Lists can be constructed using the right-associative cons operator @

1 @ 2 @ [3, 4, 5]  // [1, 2, 3, 4, 5]

No language would be complete without variable bindings. We define these using let:

let x = 42
let y = 43
x + y

"Rebinding" is not currently permitted. Value bindings are fixed upon definition. Consider:

let x = 42
x = 43 // ERROR

The idiomatic way to do something like this is to define a new binding:

let x = 42
let x' = 43

x' // 43

Conditionals

Latro offers two main forms of conditionals: if and cond.

let v = if (True) 42 43
v // 42

The "else" branch is required, and both branches of a conditional must be of the same type.
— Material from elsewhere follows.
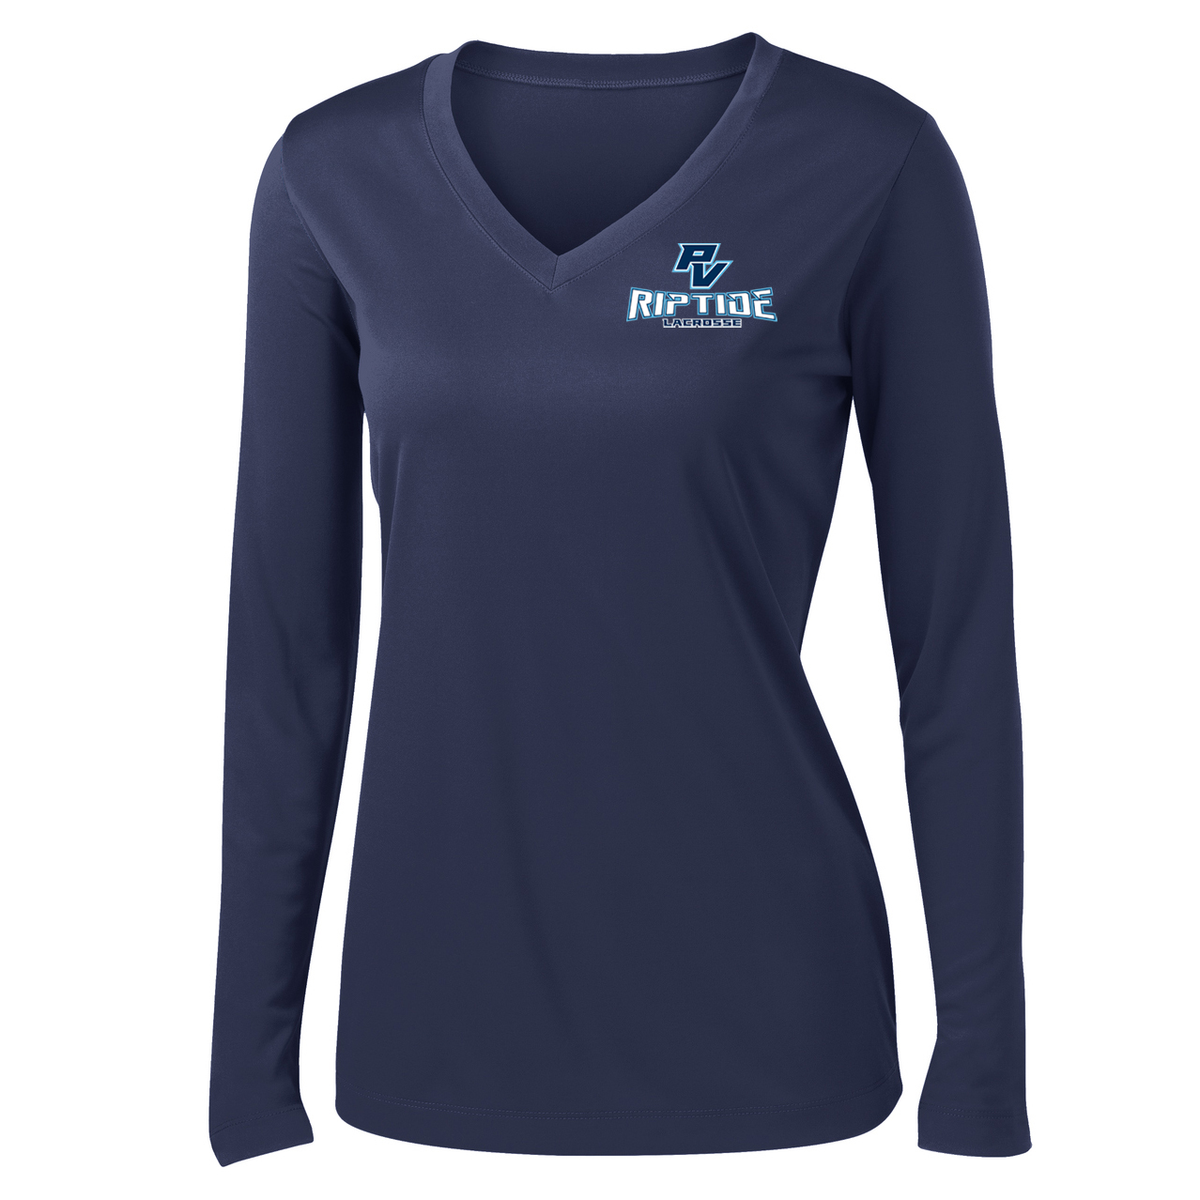 Ponte Vedra Riptide Lacrosse Women's Long Sleeve Performance Shirt

To avoid the hassle of writing complex sequences of if expressions, we can use the cond form:

let b1 = True
let b2 = False
cond {
  and(b1, b2) -> 42
  or(b1, b2)  -> 43
  _           -> 44
} // 43

Note that we can use arbitrary expressions and/or functions in the test expression for a case, as long as each test expression is of type Bool. The compiler will not verify exhaustiveness for a cond, so we may end up with a runtime exception if we don't include an explicit catch-all case (e.g. _ -> ...).

Patterns and switch

In any let binding (and also in function arguments, as we will see) we can use patterns to destructure a value and introduce new bindings for its subcomponents. For example, we may want to bind elements of a list:

let ls = [1, 2, 3, 4, 5]
let [_, _, x, y, z] = ls
[x, y, z]

Yields the list [3, 4, 5]. We can also use the cons operator to destructure:

let ls = [1, 2, 3, 4, 5]
let x@_ = ls
x

Yields the integer 1. Notice also that we can use the wildcard pattern (_) in places where we wish to ignore certain parts of a value.

Patterns can be used to do arbitrary traversals on a complex value:

let ls = [[%(1, 2)], [%(3, 4), %(5, 6)]]
let [[%(x, _)], %(_, y) @ _] = ls
x + y

Produces 5.

Note that patterns on let bindings can be unsafe, because the value on the right-hand side of the binding may not match exactly the pattern used (although patterns are typechecked to eliminate simple mistakes). This program:

let [x, y, z] = [1, 2]

Results in a runtime exception because the right-hand side only contains two elements, not three.

In Latro, all let bindings are pattern bindings -- the let x = v form is really just a simple case using an "id pattern", which binds to anything in the same way as it does in the list-deconstruction examples above.

Latro supports a switch expression that is much more powerful than those of the same name found in languages like C#: each case can use arbitrary patterns on the test expression.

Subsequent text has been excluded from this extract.